Apparently, the 51-3 score wasn’t good enough for many of them. Apparently, the Huskies hadn’t embarrassed Washington State sufficiently.
Because many in the box were stomping their feet and chanting, “58, 58, 58!”
They wanted one more touchdown. But then, would that really have been enough?
Area writers largely have avoided addressing the juvenile, boorish behavior displayed too often by those clad in purple. They don’t want the phone calls; the nasty notes; the threatening e-mail. Who really wants the headaches?
First, let me stress that I’m not condemning every fan who wears gold W’s and owns those purple caps with stuffed Husky faces on them. Most fans are upstanding, sober, enthusiastic fans who love their team.
Yet, too many insist that the purchase of a ticket or a several-thousand-dollar grant to the university buys the right to unleash obscenities, over-the-top aggression and other objectionable behavior at games.
Yo, guys. You’re an embarrassment. A joke. And the biggest joke is that you don’t even realize it.
How else to explain the scene at the team hotel hours after the game? A group of us had written our stories and went back to the hotel restaurant for a bite to eat. In from the hotel bar staggered a group of eight or nine purple-clad Neanderthals, tossing around as many high-decibel expletives as Drew Brees calls slant patterns.

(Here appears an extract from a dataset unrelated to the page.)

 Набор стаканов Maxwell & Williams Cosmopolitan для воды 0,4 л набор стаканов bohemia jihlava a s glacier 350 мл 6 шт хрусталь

These weren’t kids. They were in their 40s and 50s, maybe older.
And they were quite a sight. Obviously already having spent considerable time in the bar, they loudly ordered another round of martinis with dinner. God only knows why the server didn’t cut them off. Probably because she was reasonably certain no one was going to attempt to drive until at least late in the morning.

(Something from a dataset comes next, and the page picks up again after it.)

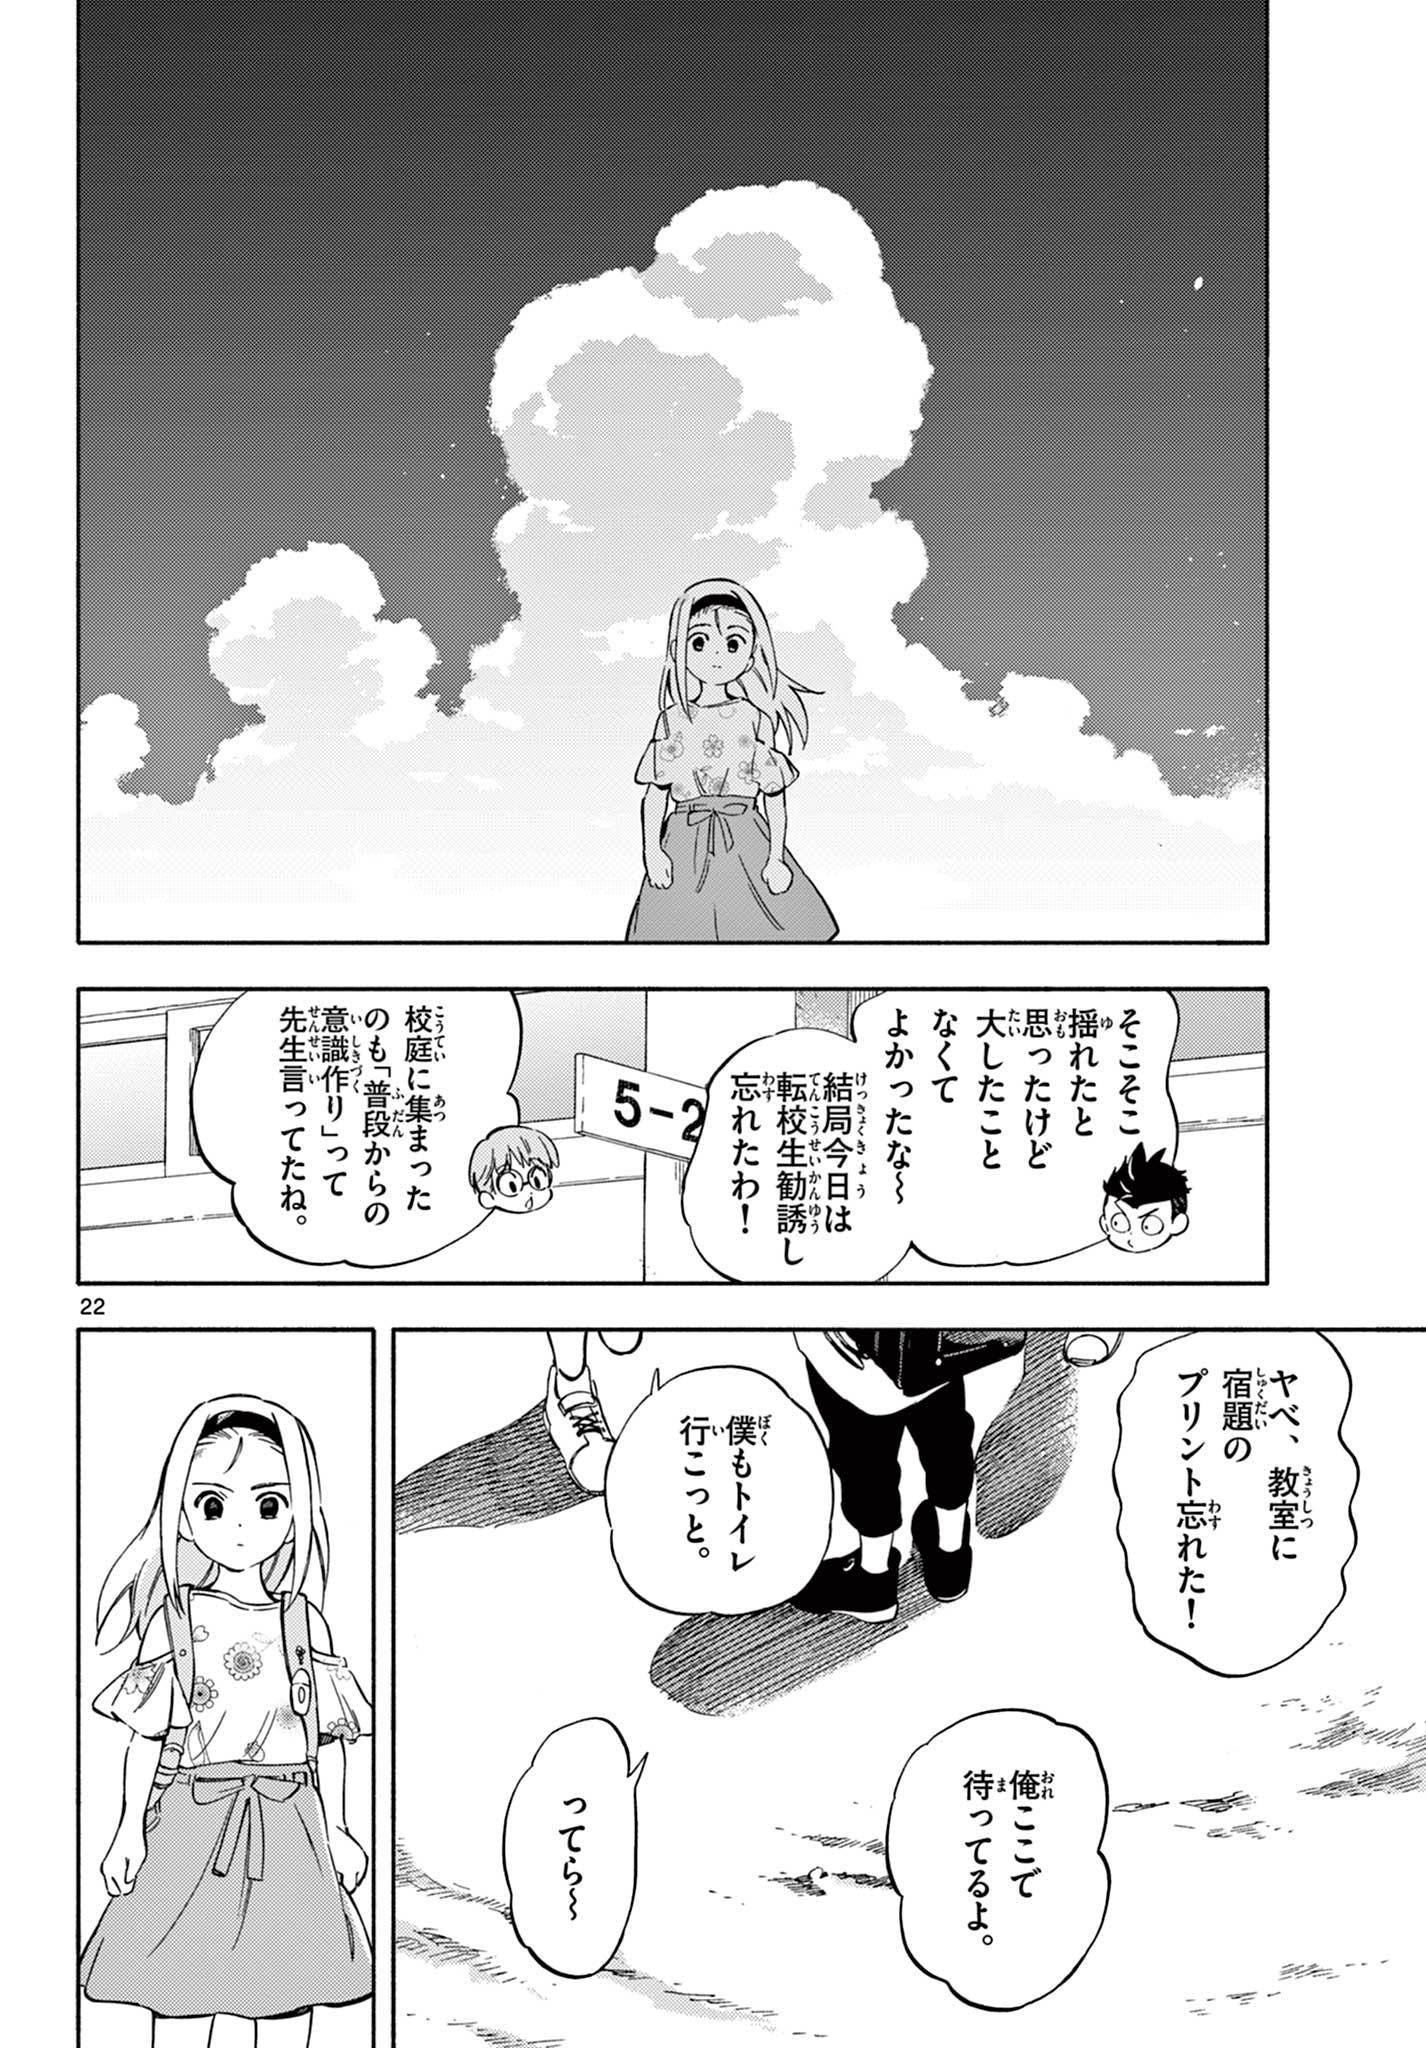 Nami no Shijima no Horizont - Chapter 8.2 - Page 8

But the rolling eyes of the few patrons in the restaurant said volumes.
Really reflected well on the university.
Sure, you could make the argument that every team has a fan base with a small number of goobers whose sole aim in life is to call attention to themselves and aggravate others, especially their hosts. But I’ve gathered in the years of covering the program that its supporters have one of the worst reputations in the Pacific-10 Conference for geekdom.
Maybe the rep stems from the times that some of them gather around ticket booths at road venues and scream at those in line that they’re wasting time and money buying game tickets because their team’s gonna get their keisters kicked.

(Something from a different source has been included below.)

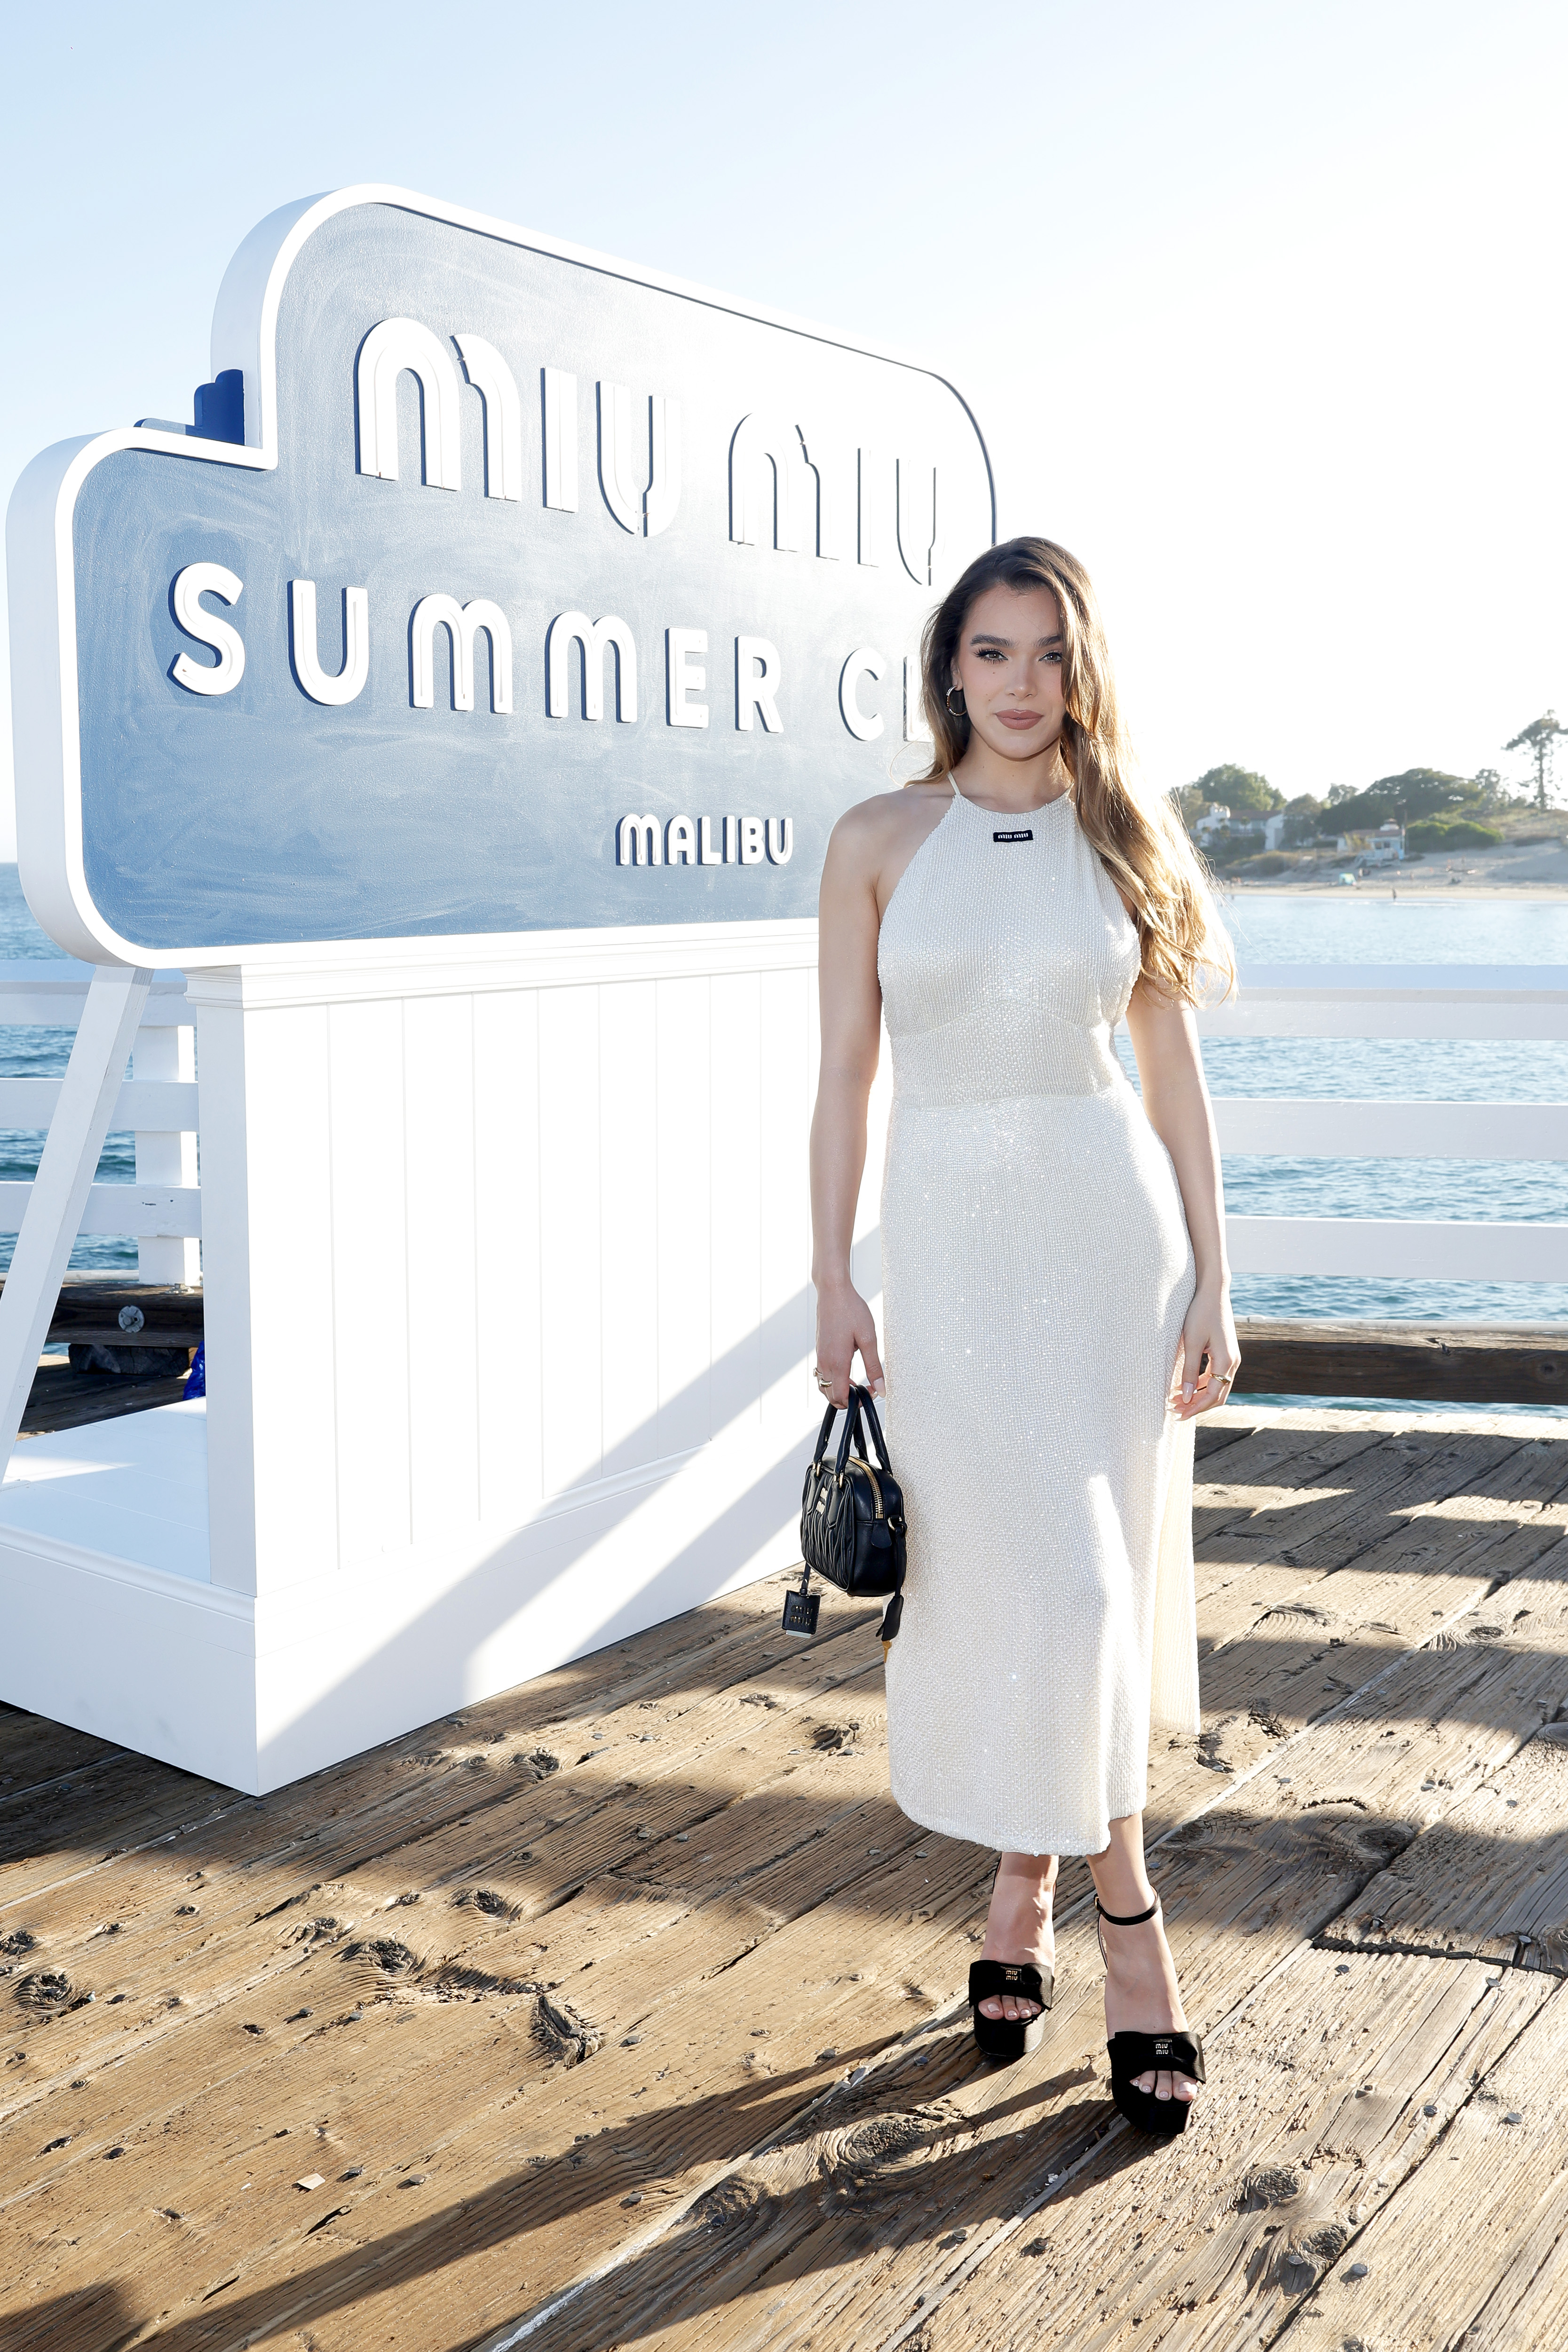 Miu Miu Summer Club celebrates women with star guest Gigi Hadid

Maybe it’s from obscene, belittling posts on Internet message boards.
And who in the visitors’ section was throwing oranges onto the field Saturday?
I wrote a column in 1998 that defended then-Washington coach Jim Lambright, who was regularly getting lambasted by fans because his teams suffered the indignity of losing to Nebraska, Oregon and UCLA.
One respondent on my voice mail identified himself only as a well-heeled booster and informed me 1) that I was a moron, and 2) that Lambright had little chance of keeping his job, because, the caller said, “We OWN this town, kid.”
Is there an answer, a remedy for this? I think not.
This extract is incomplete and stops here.